Data shown
******************************

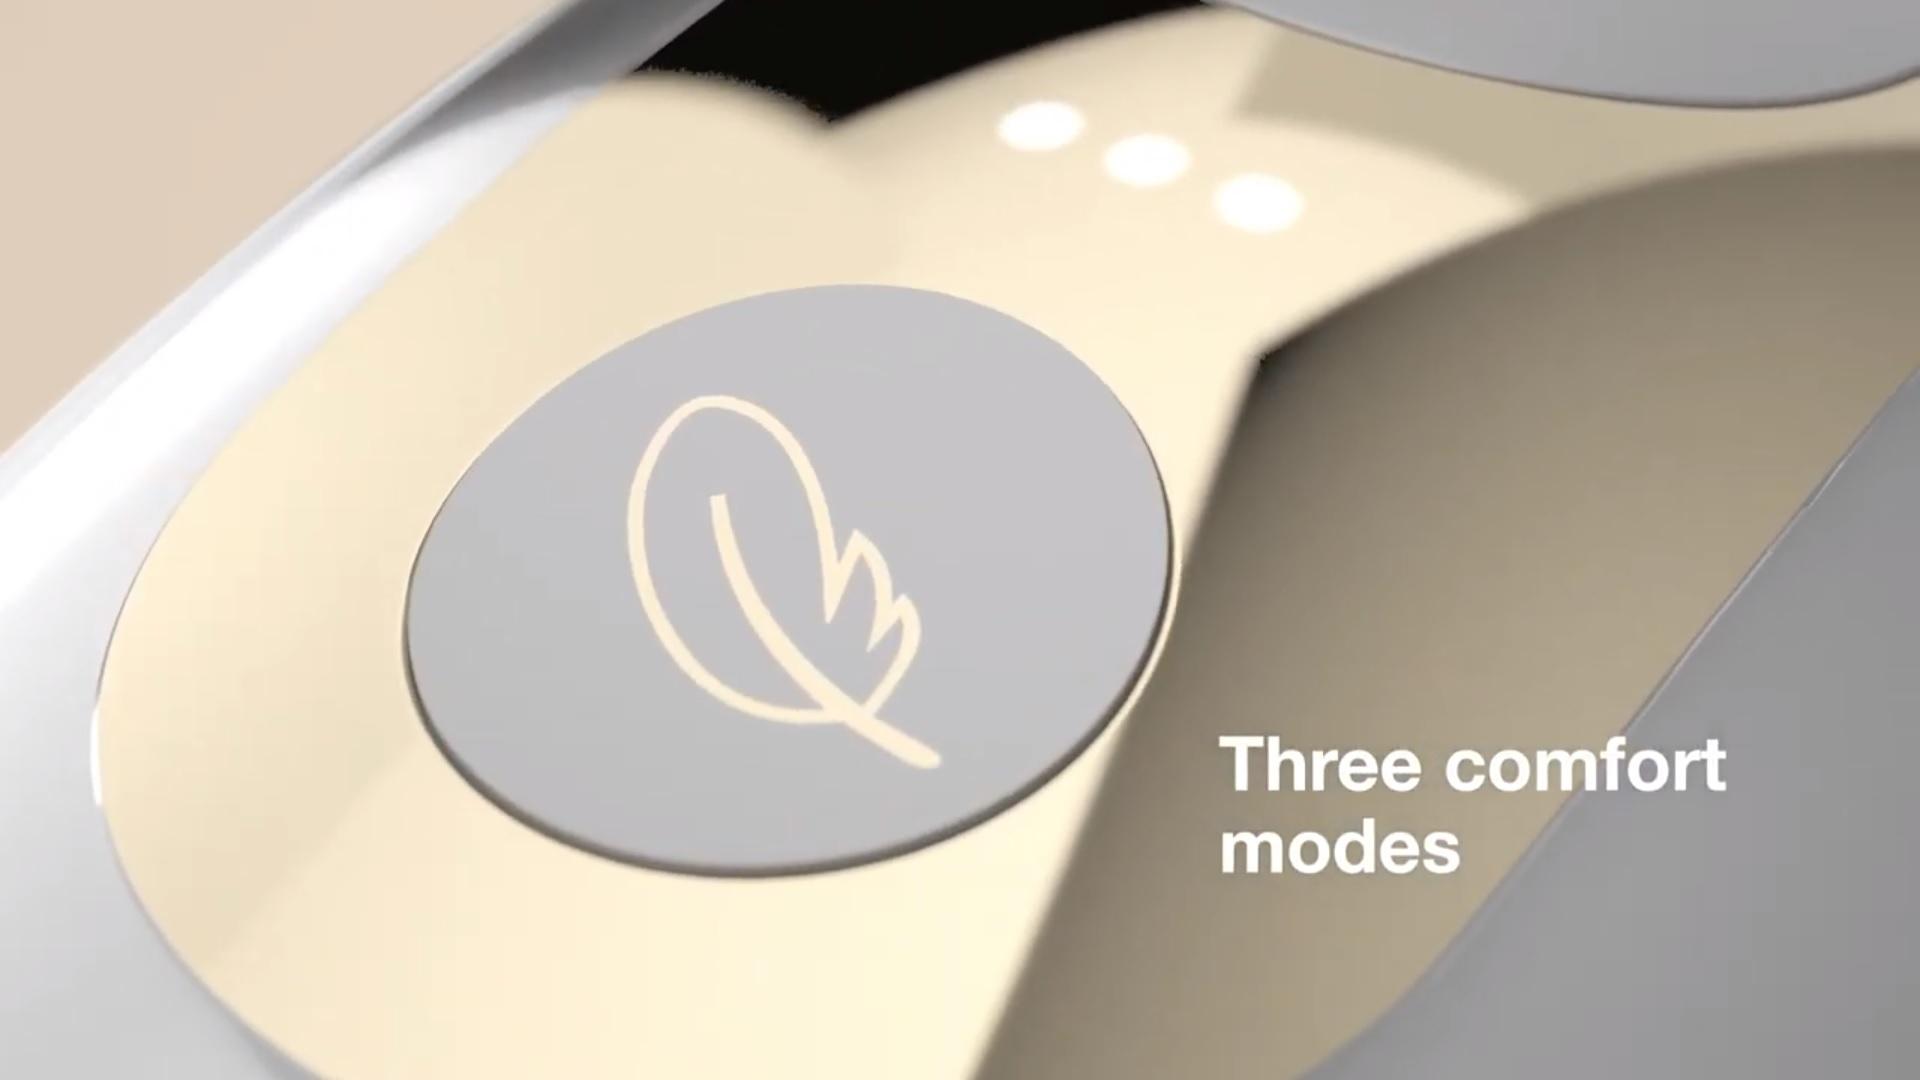 Braun Silk-expert Pro 5 PL5014 IPL 3 režimy
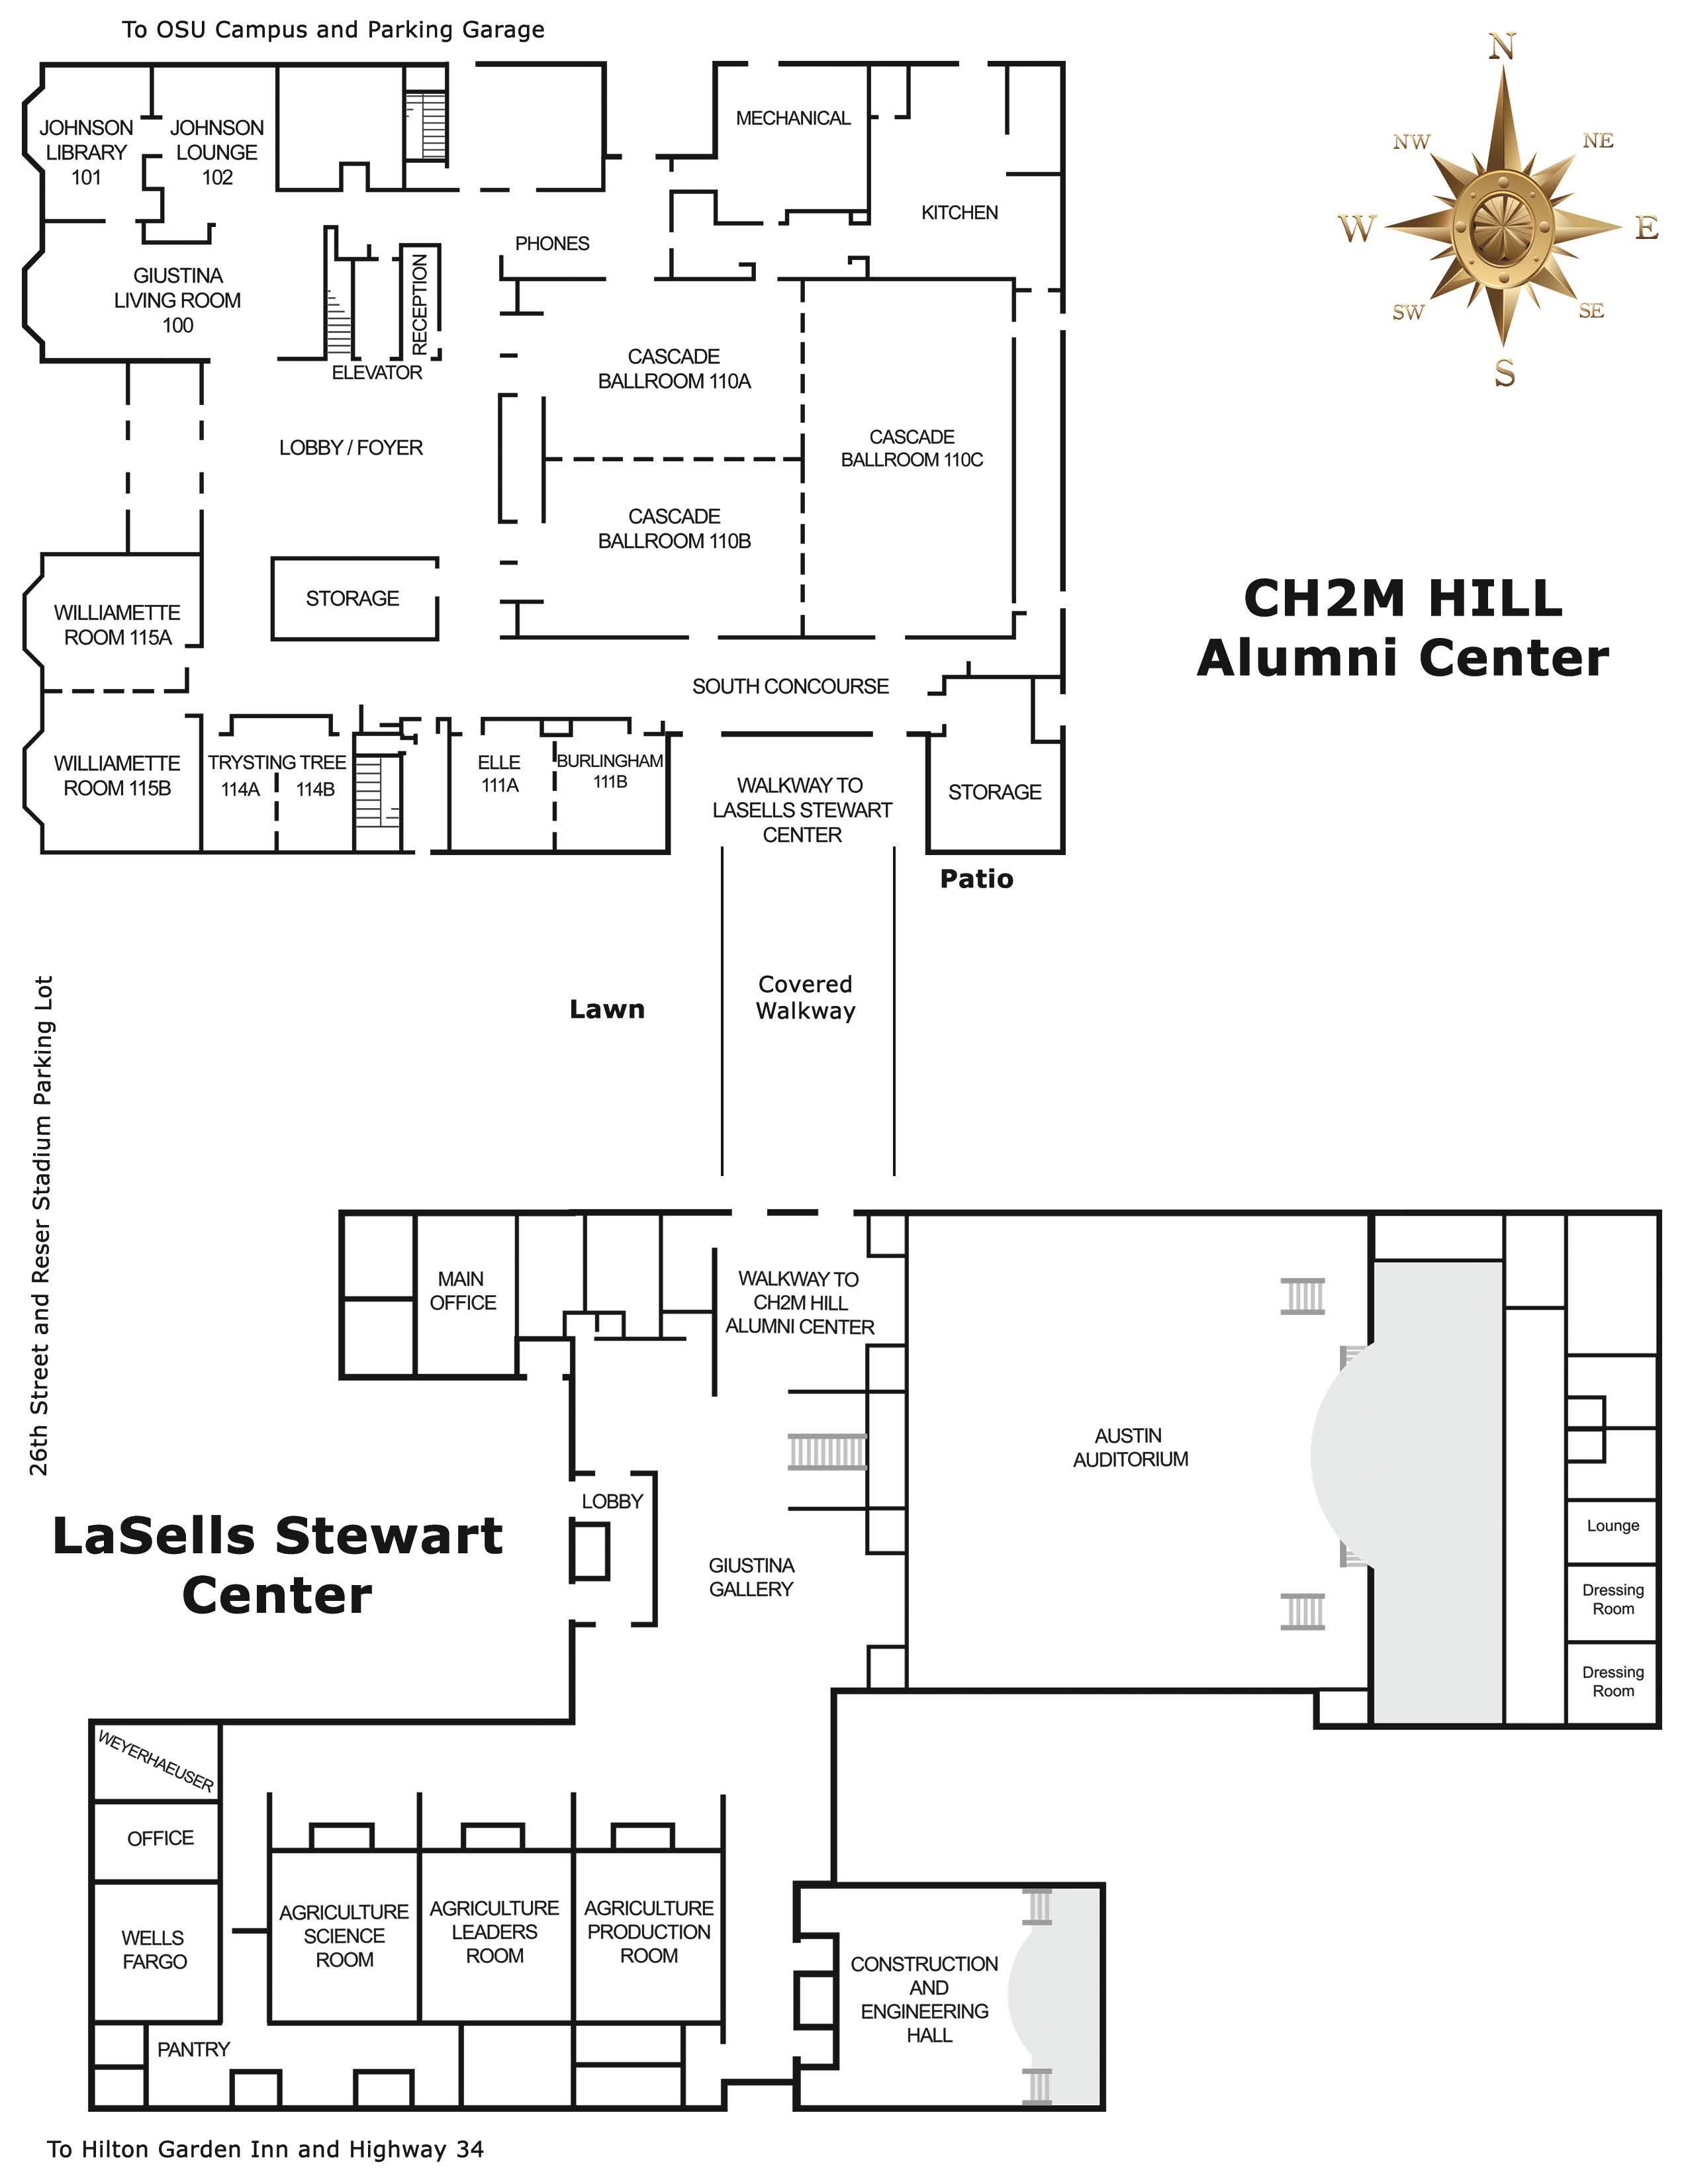 Schematic of The LaSells Stewart Center and Alumni Center
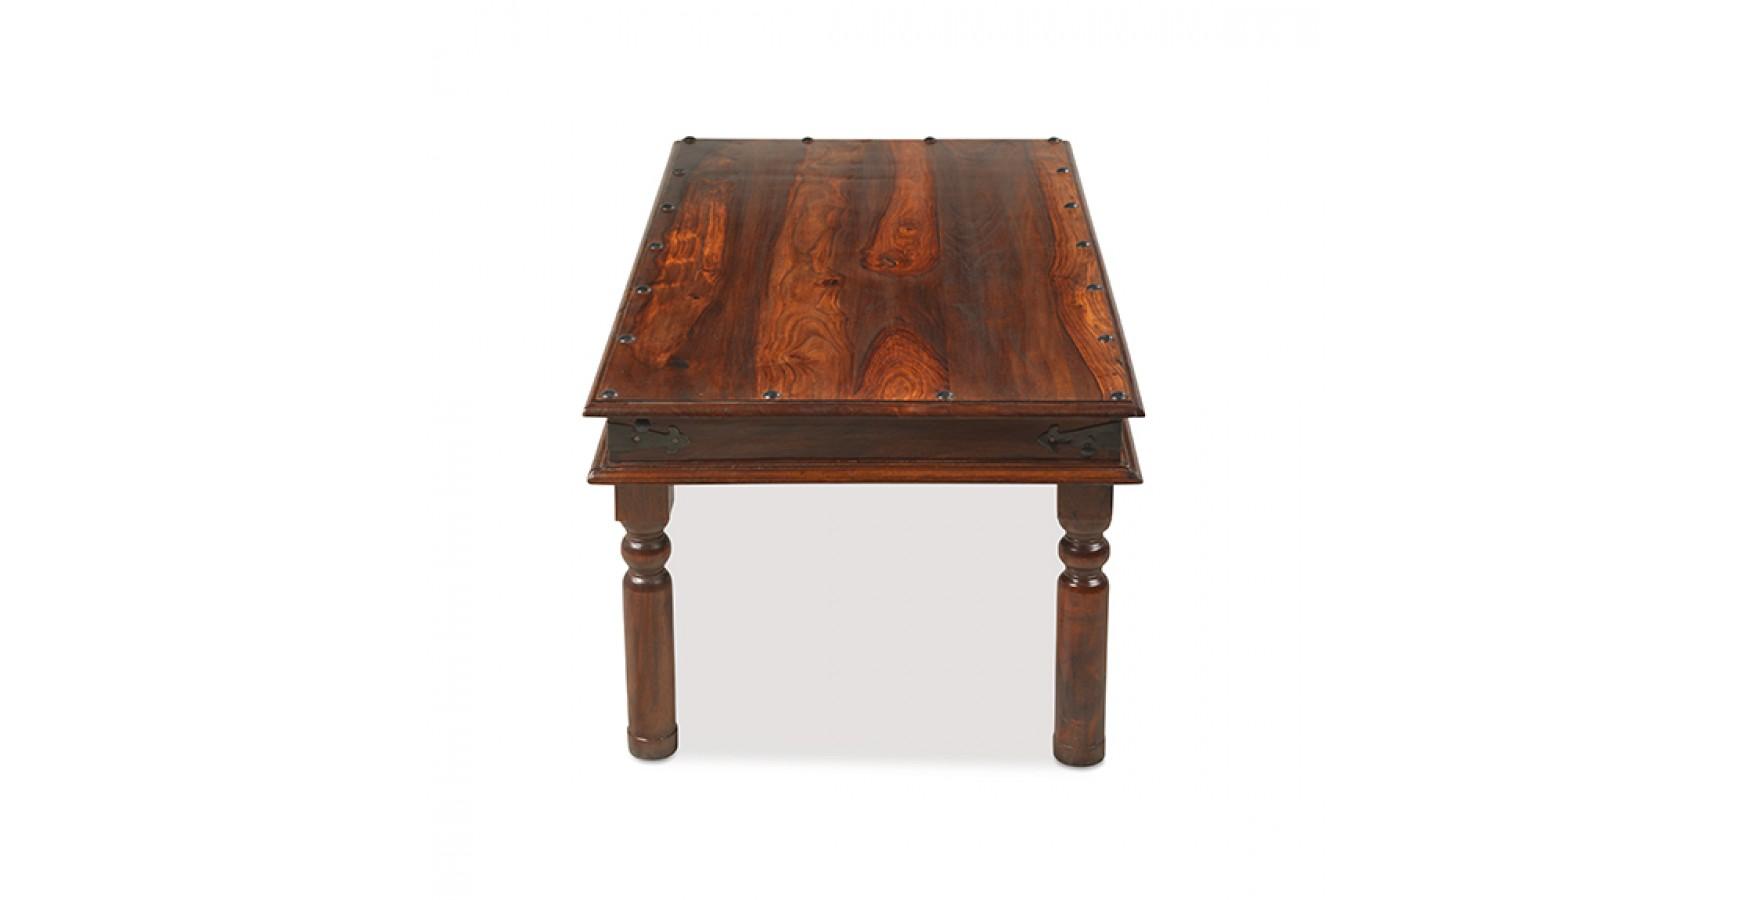 Jali Sheesham 110 cm Thakat Coffee Table Lifestyle Furniture UK

******************************

Task requirements
Each line of the listing above should be retyped exactly, with no pictures.

Solved problem
 Braun Silk-expert Pro 5 PL5014 IPL 3 režimy
 Schematic of The LaSells Stewart Center and Alumni Center
 Jali Sheesham 110 cm Thakat Coffee Table Lifestyle Furniture UK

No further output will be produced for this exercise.